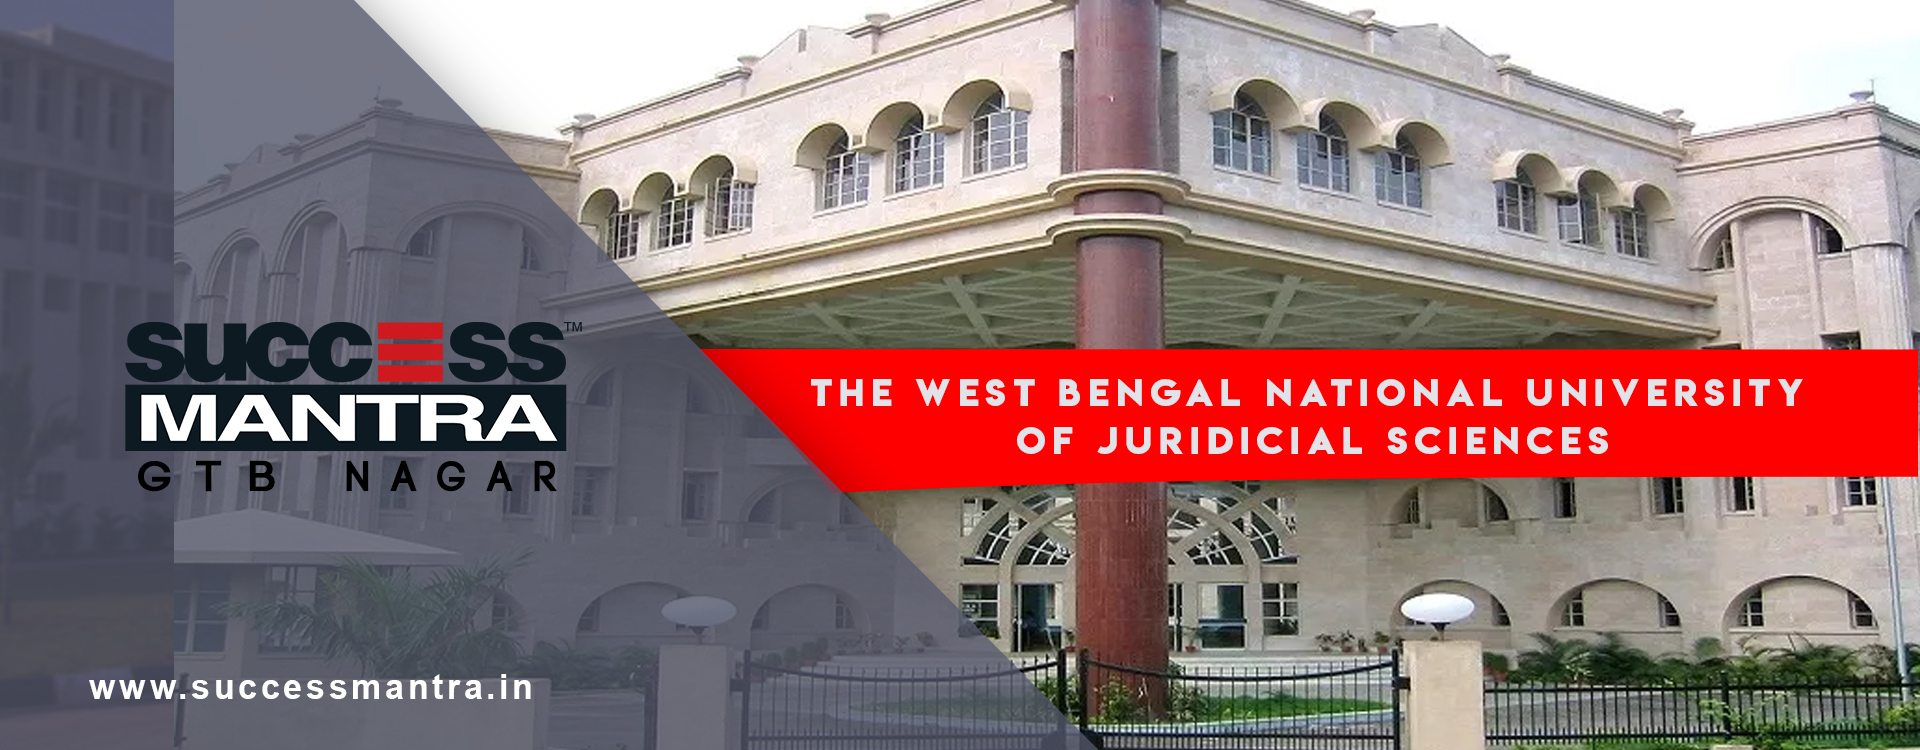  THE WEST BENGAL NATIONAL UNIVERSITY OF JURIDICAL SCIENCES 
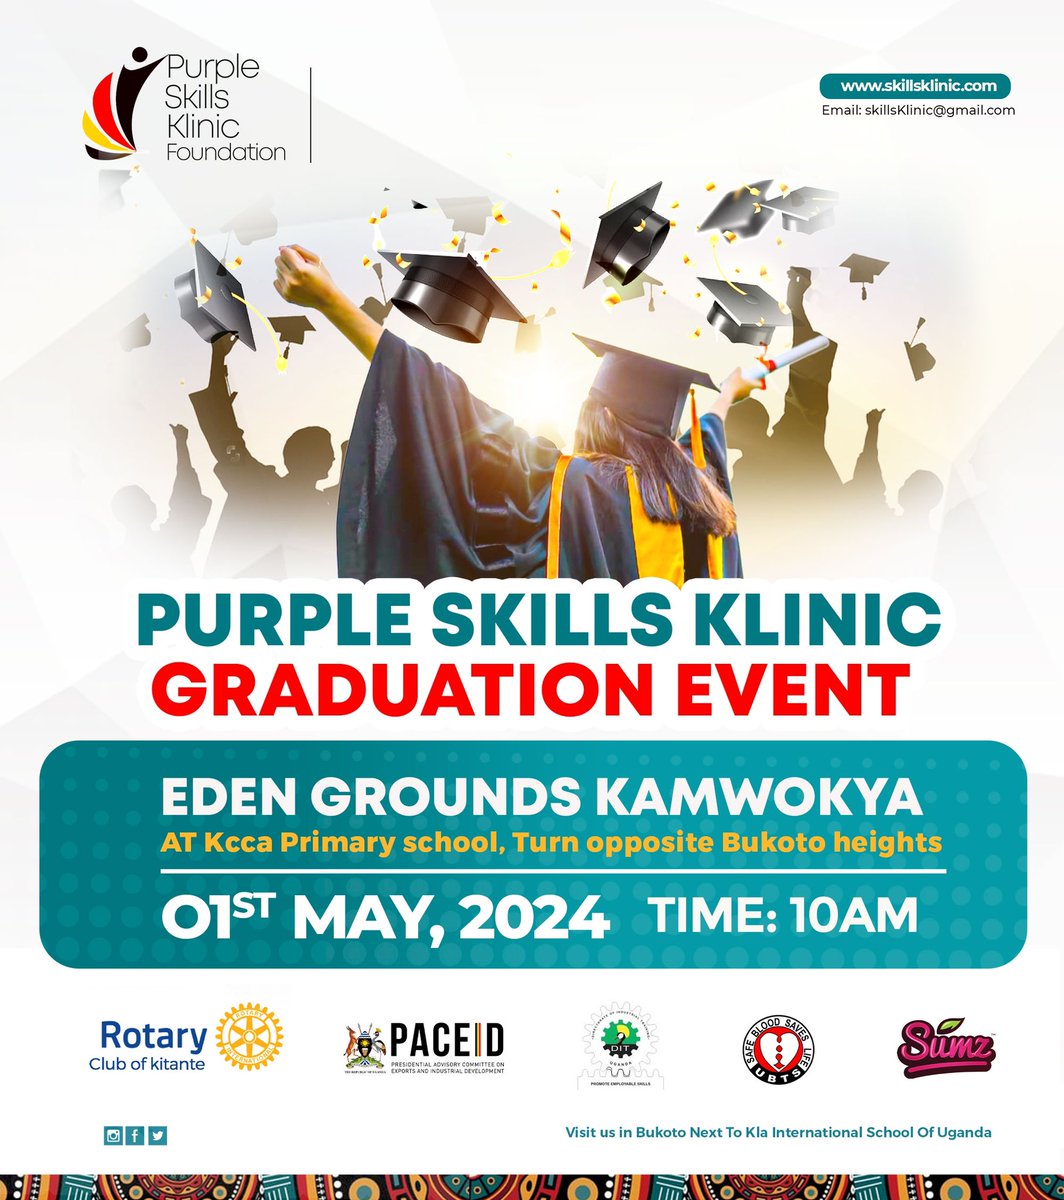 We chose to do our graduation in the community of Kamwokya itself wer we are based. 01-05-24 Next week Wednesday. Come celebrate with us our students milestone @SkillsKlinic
☆ ☆ ☆
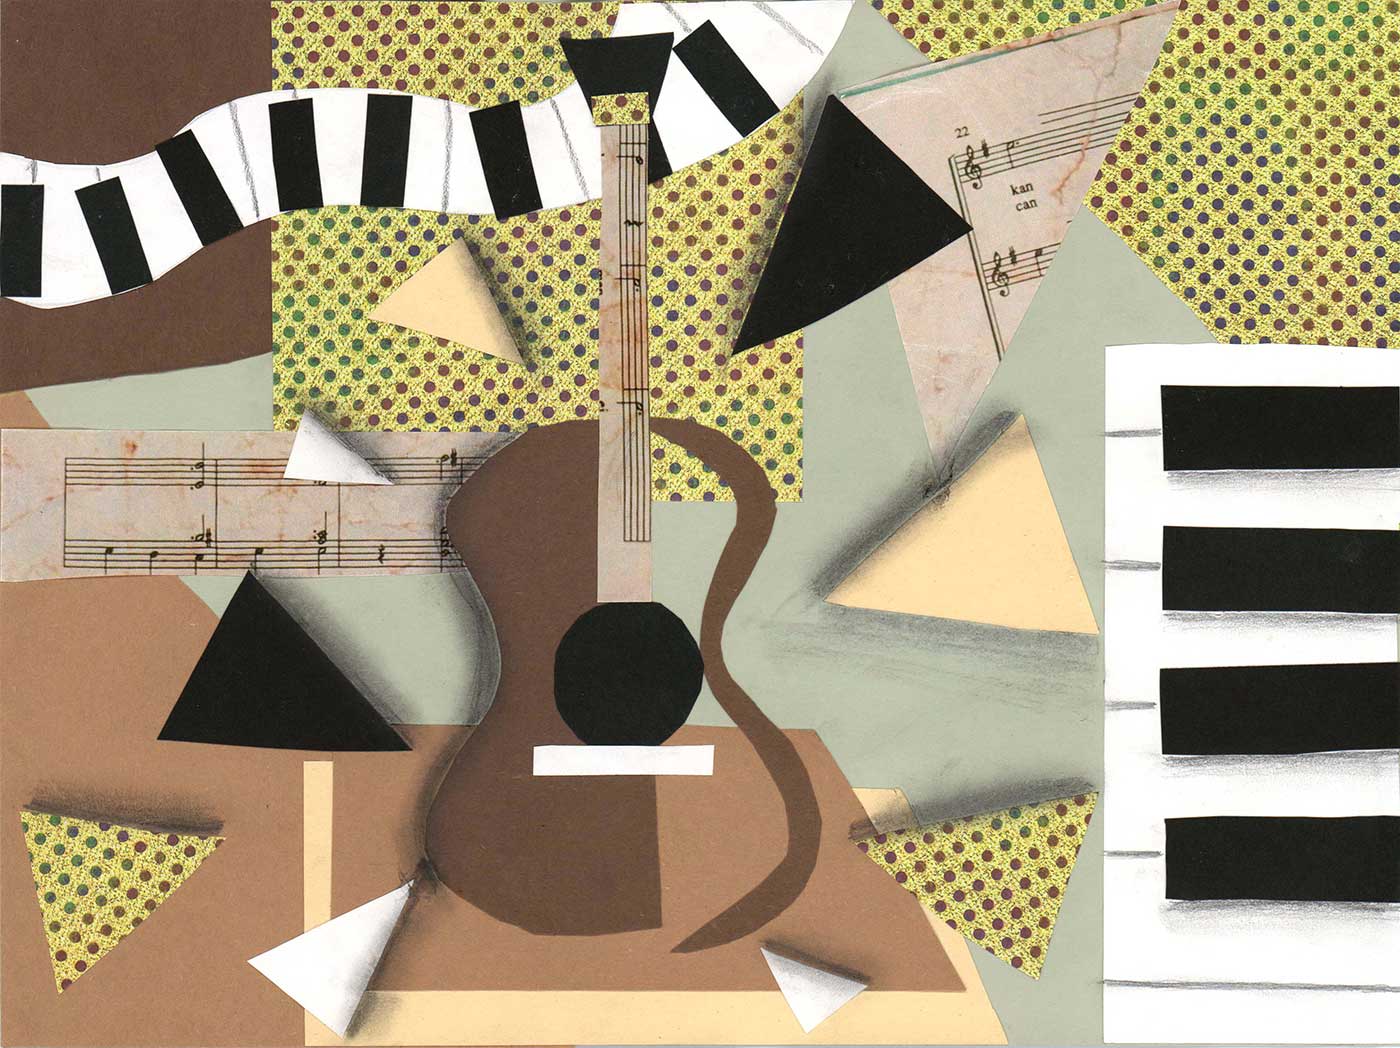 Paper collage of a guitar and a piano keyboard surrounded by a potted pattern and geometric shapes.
☆ ☆ ☆
WHAT NEEDS TO BE DONE => Go back to the lines above and output, exactly as they stand, the ones from the line containing "THE WEST BENGAL" to the line containing "We chose to". Leave all pictures behind.

SOLVED PROBLEM =>
  THE WEST BENGAL NATIONAL UNIVERSITY OF JURIDICAL SCIENCES 
 We chose to do our graduation in the community of Kamwokya itself wer we are based. 01-05-24 Next week Wednesday. Come celebrate with us our students milestone @SkillsKlinic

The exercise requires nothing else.